Saudi Aramco CEO Amin Nasser confirmed that the peak of global oil demand will not be imminent.

He added that this is why policymakers must ensure sufficient investment in oil and gas to meet consumer demand, and they must abandon the fantasy of phasing out fossil fuels.

Speaking to his oil and gas peers at the CERAWeek energy conference in Houston, Nasser called for a recalibration of plans to rapidly replace fossil fuels with renewable energy sources.

Nasser said that oil demand will reach a new record level of 104 million barrels per day in 2024. He added that despite the growth in investments in alternative energy, it has not yet been widely used to replace hydrocarbons.

All of this reinforces the view that peak demand for oil and gas is unlikely to occur soon, not even by 2030, the target date for limiting global warming, he said.

“We must abandon the fantasy of phasing out oil and gas, and invest in them as much as is necessary and as long as is necessary, reflecting realistic demand assumptions,” he added in remarks that were well received by the audience.

He expected that the increase in demand from developing economies could fuel the growth in demand for oil until 2045.
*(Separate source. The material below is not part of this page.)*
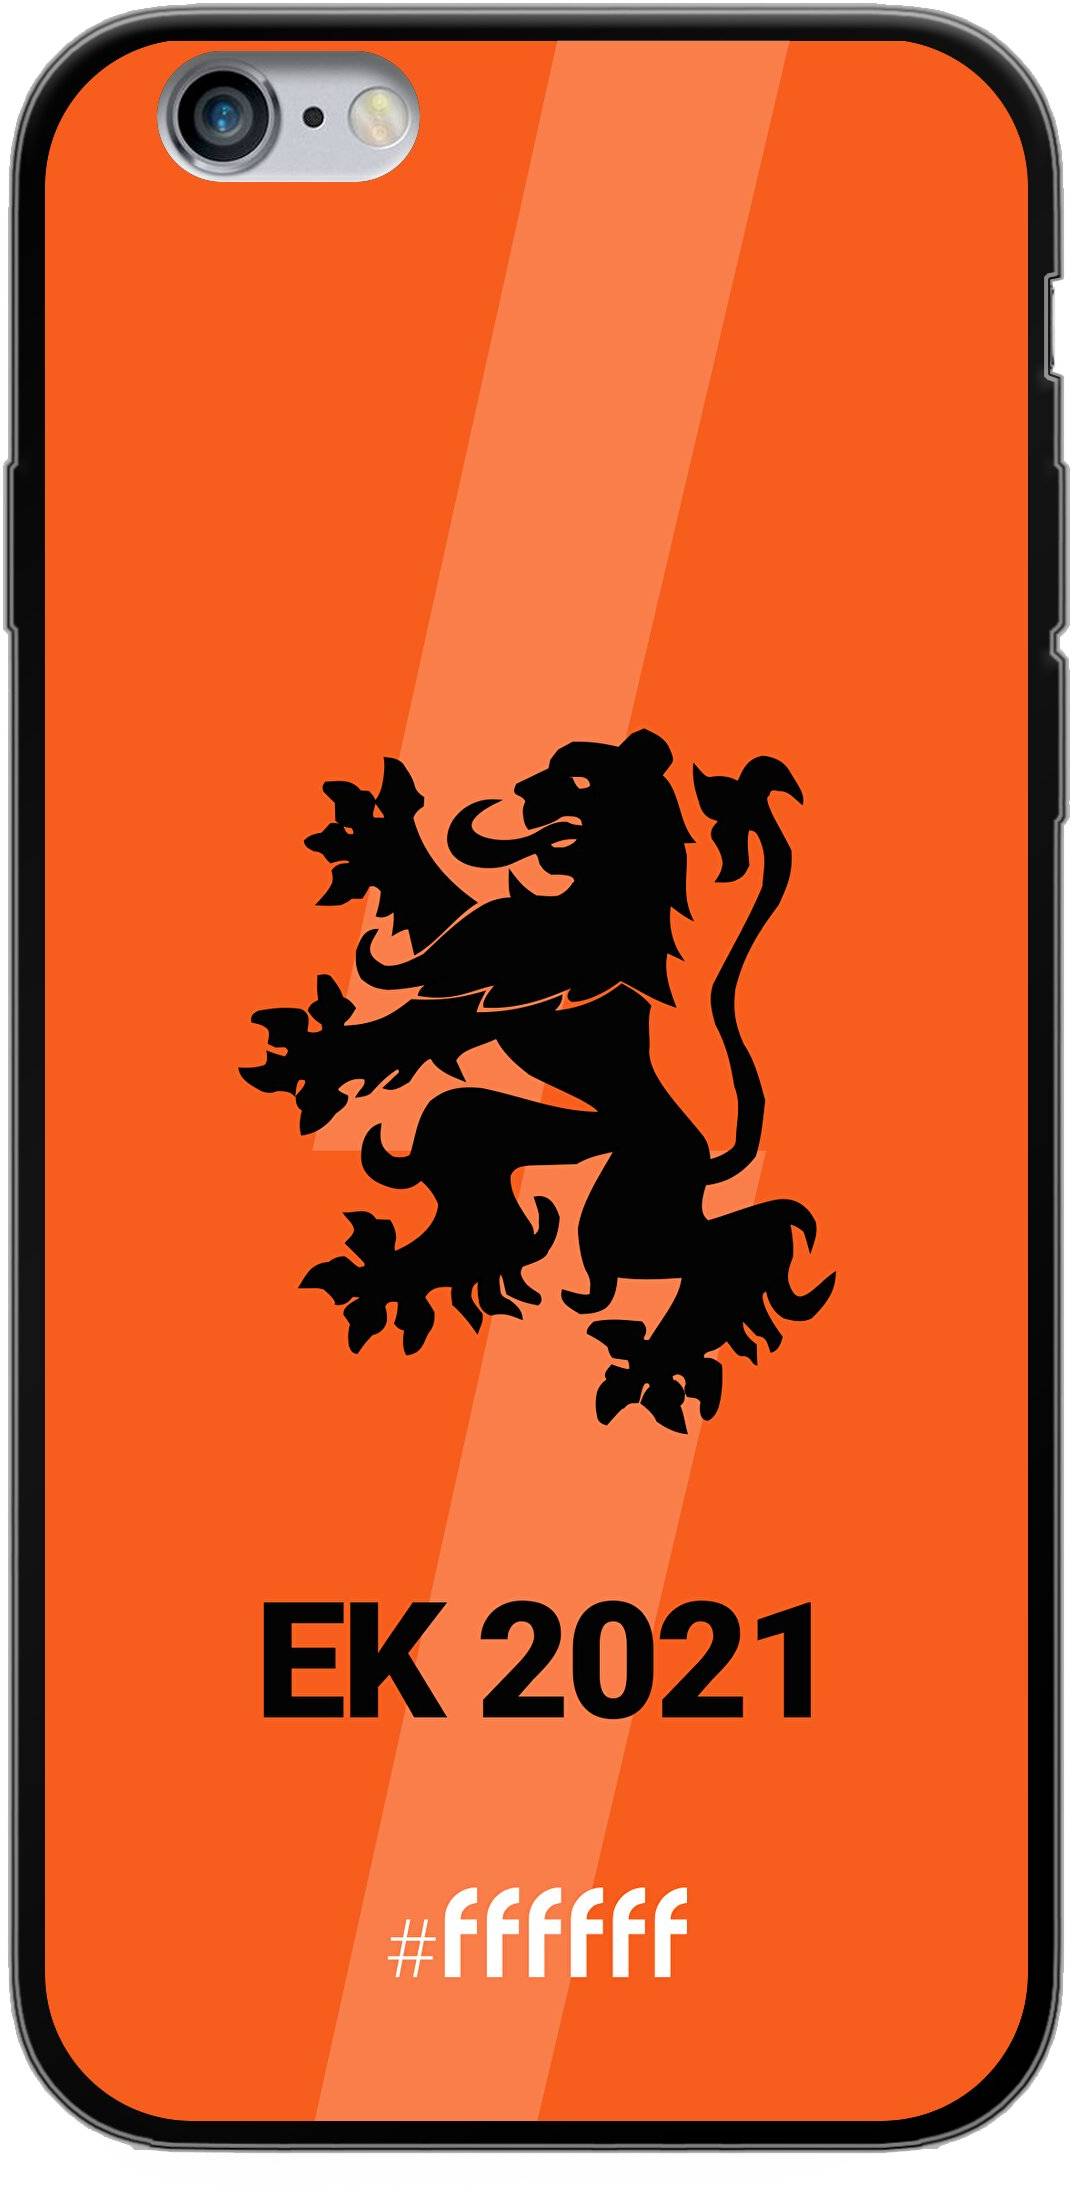 Nederlands Elftal - EK 2021 iPhone 6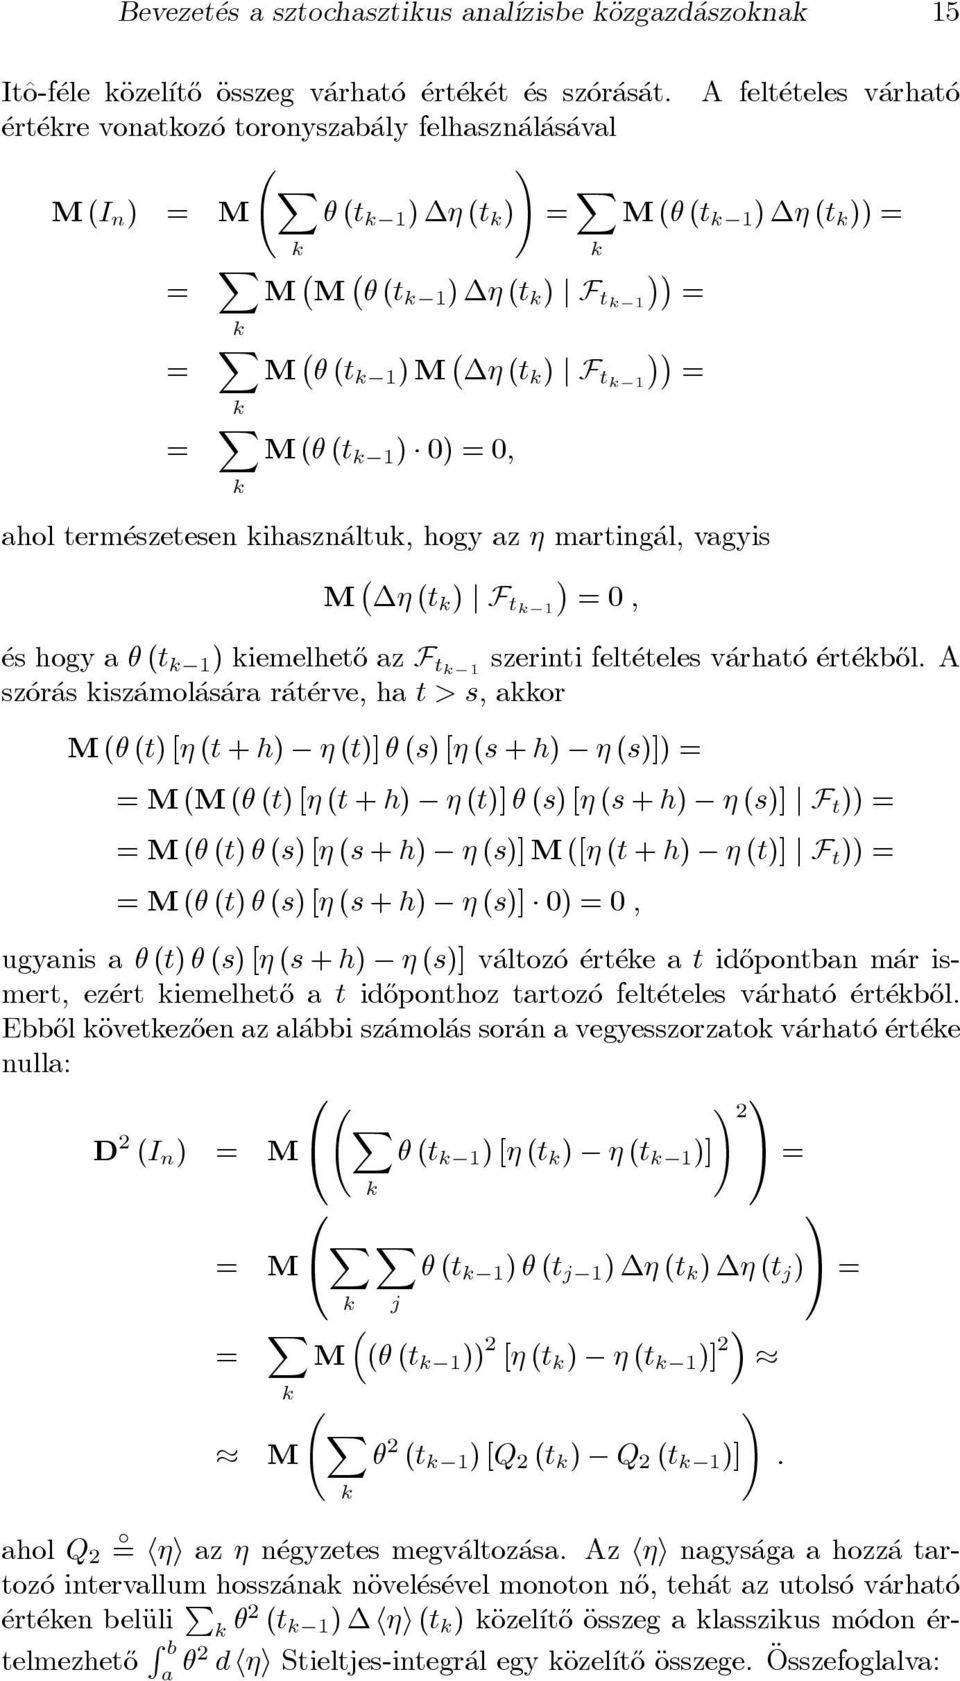 X M(I n ) = M µ (t k 1 ) (t k ) = X M(µ (t k 1 ) (t k )) = k k = X M M µ (t k 1 ) (t k ) j F tk 1 = k = X k = X k M µ (t k 1 )M (t k ) j F tk 1 = M(µ (t k 1 ) 0) = 0; ahol term eszetesen kihaszn

These long-term demand growth forecasts are in line with those of OPEC and at odds with the International Energy Agency’s forecast of peak demand in 2030.

In an interview with Reuters, US Energy Secretary Jennifer Granholm commented on Nasser's comments regarding the phase-out, saying, Well, that's his point of view.

She added that there are other studies that indicate the opposite, which is that the demand for oil, gas and fossil fuels will peak by 2030.

There is a large gap between OPEC and the agency in terms of short- and long-term demand forecasts, partly due to the two organizations’ differing views on the energy transition.

Reducing greenhouse gas emissions from fuels through other carbon capture technologies achieves better results than alternative energy sources, Nasser said.

He added that new energy sources and technologies should only be introduced when they are truly ready and economically competitive.

He pointed out that the disruption of shipping traffic in the Red Sea due to attacks by the Yemeni Houthi movement has exacerbated the difficulty of the situation in shipping markets.

The Houthi group has been attacking ships in the Red Sea and the Gulf of Aden since November, in what it says is a campaign of solidarity with Hamas during Israel's war in Gaza.

Nasser said oil takes two to three weeks longer to reach its destination because ships are being rerouted to avoid the area.

He added that the shipping problems had little impact on Saudi Aramco, partly due to the East-West pipeline that allows the company to load ships north of the area attacked by the Houthis.

He said Europe had become a bigger market for Aramco because of shipping problems in the Red Sea.

Nasser stressed that Aramco has spare capacity of three million barrels per day to deal with any unexpected disruptions in global supplies.